Dear David,
the crash looks like a problem in the OpenSSL memory management.
In general, i would believe that this is a problem in the NaviServer
code, but of the interplay of the various memory management options of
OpenSSL, NaviServer and Tcl. We use these functions under heavy load on
many servers, but we are careful to use everywhere the same malloc
implementation (actually Google's TCmalloc).
OpenSSL:
======
In general, OpenSSL supports configuration of management routines.
However, the memory management interface of OpenSSL changed with the
release of OpenSSL 1.1.0. As a consequence, when compiling NaviServer
with newer versions, of OpenSSL, the native OpenSSL memory routines are
used. The commit [1] says: "Registering our own functions does not seem
necessary". So, if one compiles a version of NaviServer between 4.99.15
and 4.99.20 with newer versions of OpenSSL, there might a problem arise,
when the native OpenSSL malloc implementation is not full thread-safe,
or when a mix between different malloc implementation happens.
NaviServer:
=======
When NaviServer is compiled with -DSYSTEM_MALLOC, ns_malloc() uses
malloc() etc., otherwise it uses Tcl's ckalloc() and friends.
Tcl:
===
There exists as well a patch [2] for using internally in Tcl as well
system malloc instead of Tcl's own mt-threaded version.
In Oct there was as well a small patch for NaviServer for cases, were
Tcl and NaviServer are compiled with different memory allocators [3].
My first attempt would be to compile NaviServer with SYSTEM_MALLOC and
check, whether you still experience a problem. The next recommendation
would be to check, what malloc versions are used by which subsystems and
align these if necessary.
i will look into reviving the configuration of OpenSSL to allow to
configure its malloc implementation as it was possible before OpenSSL 1.1.0.
-gn
[1]
https://bitbucket.org/naviserver/naviserver/commits/896a4e3765f91b048ccbf570e5afe21b1bb1a41f
[2] https://github.com/gustafn/install-ns
[3]
https://bitbucket.org/naviserver/naviserver/commits/caab40365f0429a44740db1927e9f459d733db3f
On 14.12.20 18:07, David Osborne wrote:
Hi,
We're building some Naviserver instances (4.99.19) on Debian Buster
(v10.7).
One of the instances is a revproxy instance which uses connchans to
speak to a back end.
We're seeing very frequent signal 11 crashes of NaviServer with this
combination.
(We also see this infrequently with 4.99.18 running on Debian Stretch
(v9))
Because of the increased frequency I've managed to take a core dump
and the issue appears to be when calling SSL_CTX_new
after Ns_TLS_CtxClientCreate.
I realise I don't have gdb properly configured, but wondering if the
backtrace as it is could shed any light on what's going on or is it
still too opaque?
Using host libthread_db library "/lib/x86_64-linux-gnu/libthread_db.so.1".
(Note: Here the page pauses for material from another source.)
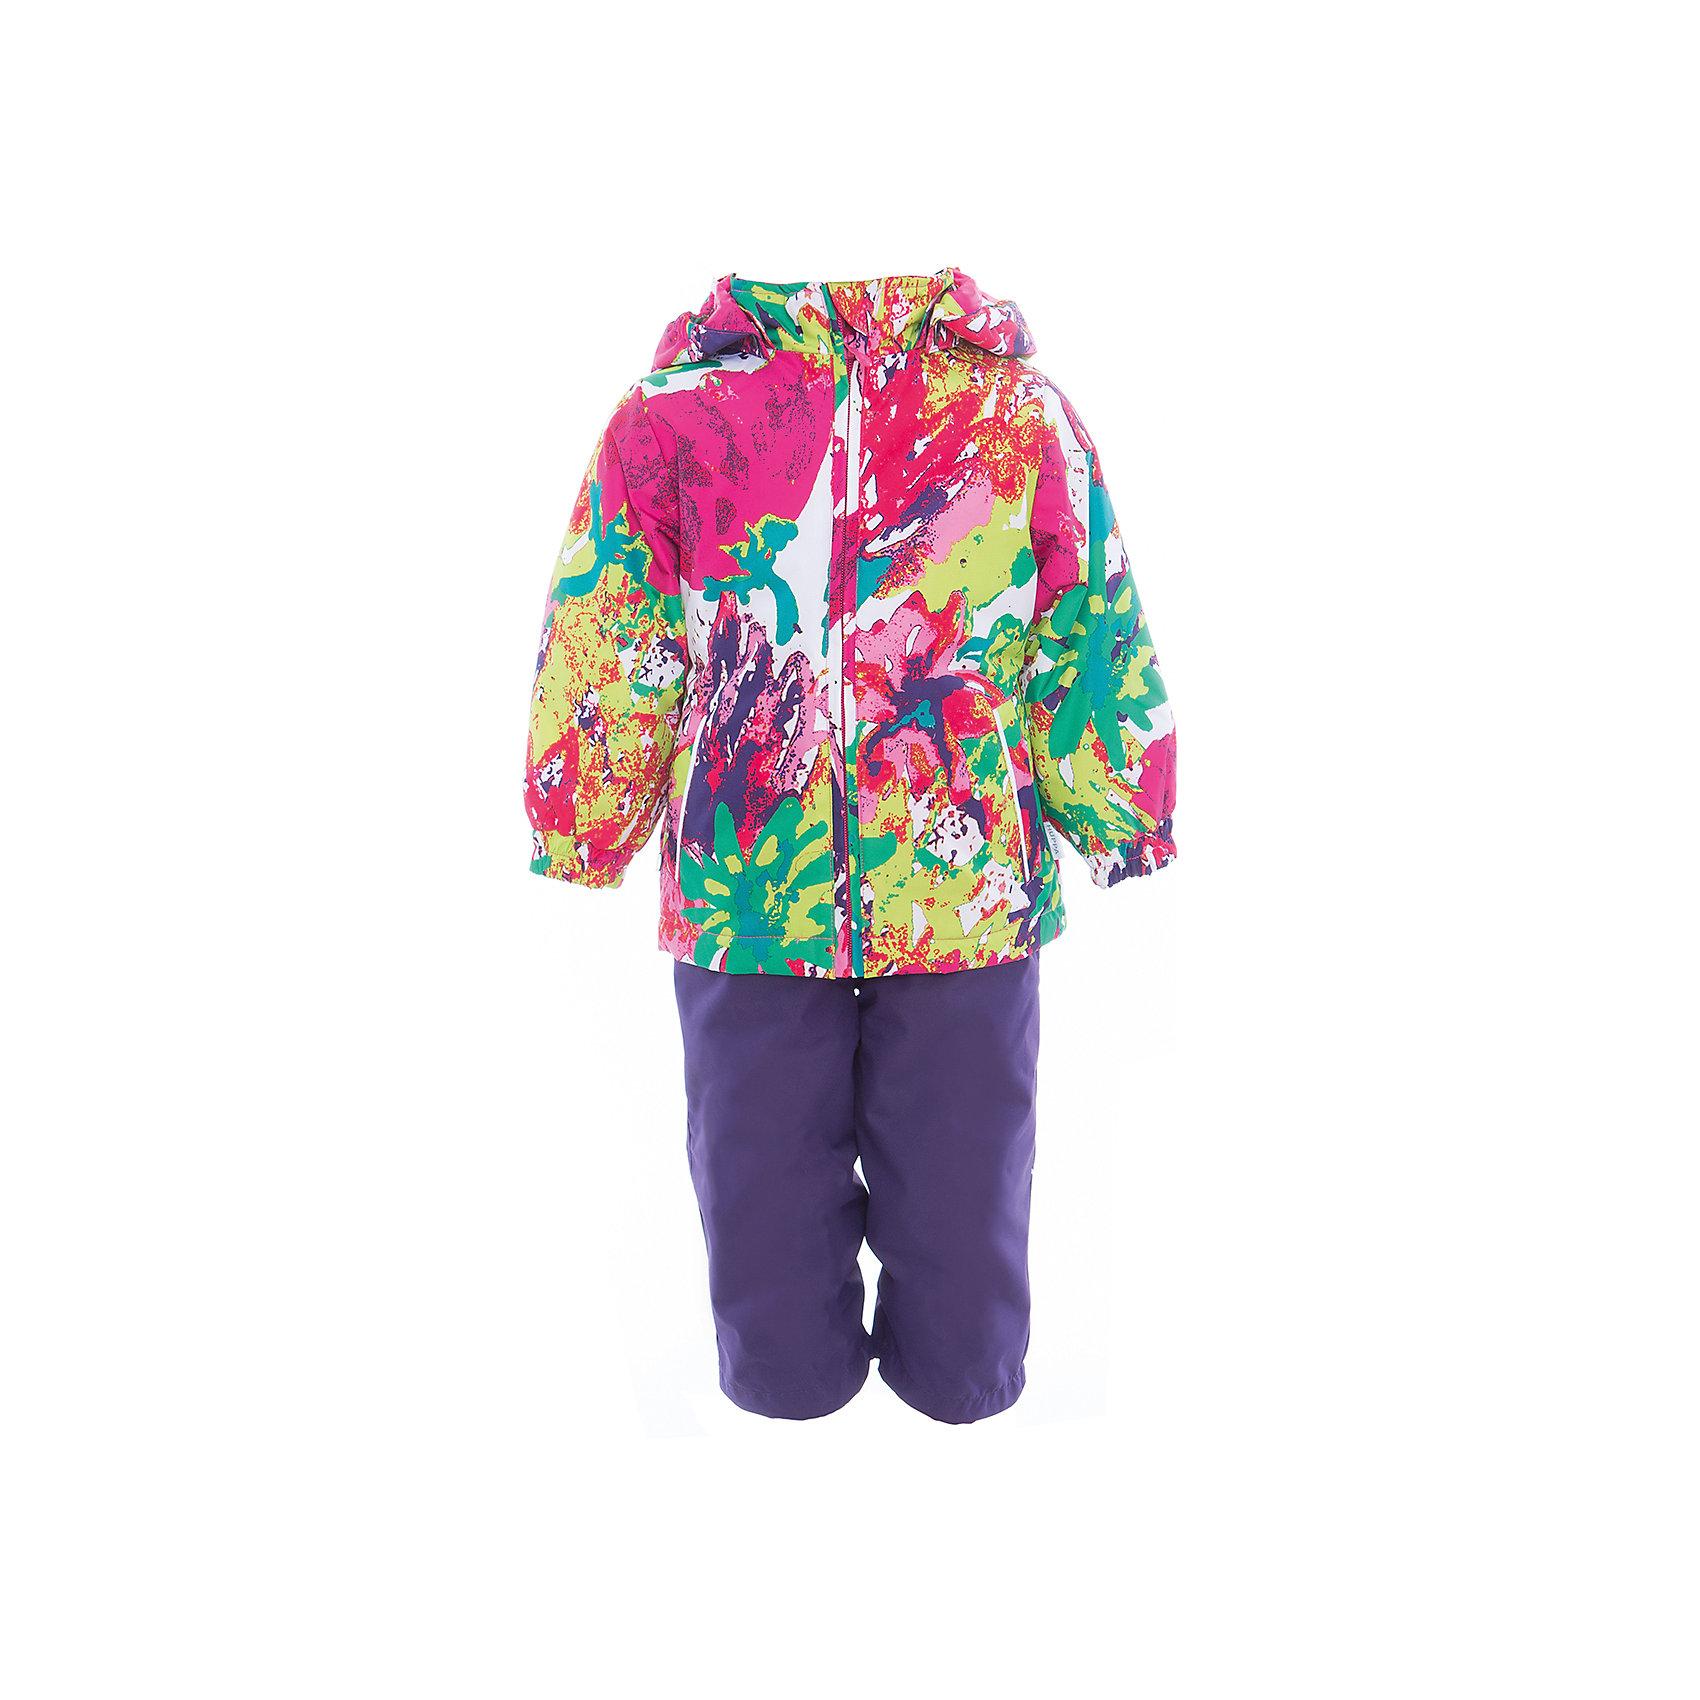 Комплект: куртка и полукомбинезон для девочки YONNE HuppaКомплекты<br>Характеристики товара:<br><br>• цвет: мультиколор/тёмно-фиолетовый<br>• комплектация: куртка и полукомбинезон <br>• ткань: 100% полиэстер<br>• подкладка: тафта - 100% полиэстер<br>• утеплитель: куртка и полукомбинезон - 100% полиэстер 100 г.<br>• температурный режим: от -5°С до +10°С<br>• водонепроницаемость: верх - 5000 мм, низ - 10000 мм<br>• воздухопроницаемость: верх - 5000 мм, низ - 10000 мм<br>• светоотражающие детали<br>• шов сидения проклеен<br>• съёмный капюшон с резинкой<br>• защита подбородка от молнии<br>• эластичные манжеты на рукавах<br>• регулируемый низ брючин<br>• эластичный шнур с фиксатором внизу брючин<br>• без внутренних швов<br>• резиновые подтяжки<br>• коллекция: весна-лето 2017<br>• страна бренда: Эстония<br><br>Такой модный демисезонный комплект  обеспечит детям тепло и комфорт. Он сделан из материала, отталкивающего воду, и дополнен подкладкой с утеплителем, поэтому изделие идеально подходит для межсезонья. Материал изделий - с мембранной технологией: защищая от влаги и ветра, он легко выводит лишнюю влагу наружу. Комплект очень симпатично смотрится. <br><br>Одежда и обувь от популярного эстонского бренда Huppa - отличный вариант одеть ребенка можно и комфортно. Вещи, выпускаемые компанией, качественные, продуманные и очень удобные. Для производства изделий используются только безопасные для детей материалы. Продукция от Huppa порадует и детей, и их родителей!<br><br>Комплект: куртка и полукомбинезон YONNE от бренда Huppa (Хуппа) можно купить в нашем интернет-магазине.<br><br>Ширина мм: 356<br>Глубина мм: 10<br>Высота мм: 245<br>Вес г: 519<br>Цвет: белый<br>Возраст от месяцев: 72<br>Возраст до месяцев: 84<br>Пол: Женский<br>Возраст: Детский<br>Размер: 122,80,86,92,98,104,110,116<br>SKU: 5346645

Core was generated by `/usr/lib/naviserver/bin/nsd -u nsd -g nsd -b
0.0.0.0:80 <http://0.0.0.0:80>,0.0.0.0:443 <http://0.0.0.0:443> -i -t
/etc/'.
Program terminated with signal SIGABRT, Aborted.
#0 __GI_raise (sig=sig@entry=6) at ../sysdeps/unix/sysv/linux/raise.c:50
50 ../sysdeps/unix/sysv/linux/raise.c: No such file or directory.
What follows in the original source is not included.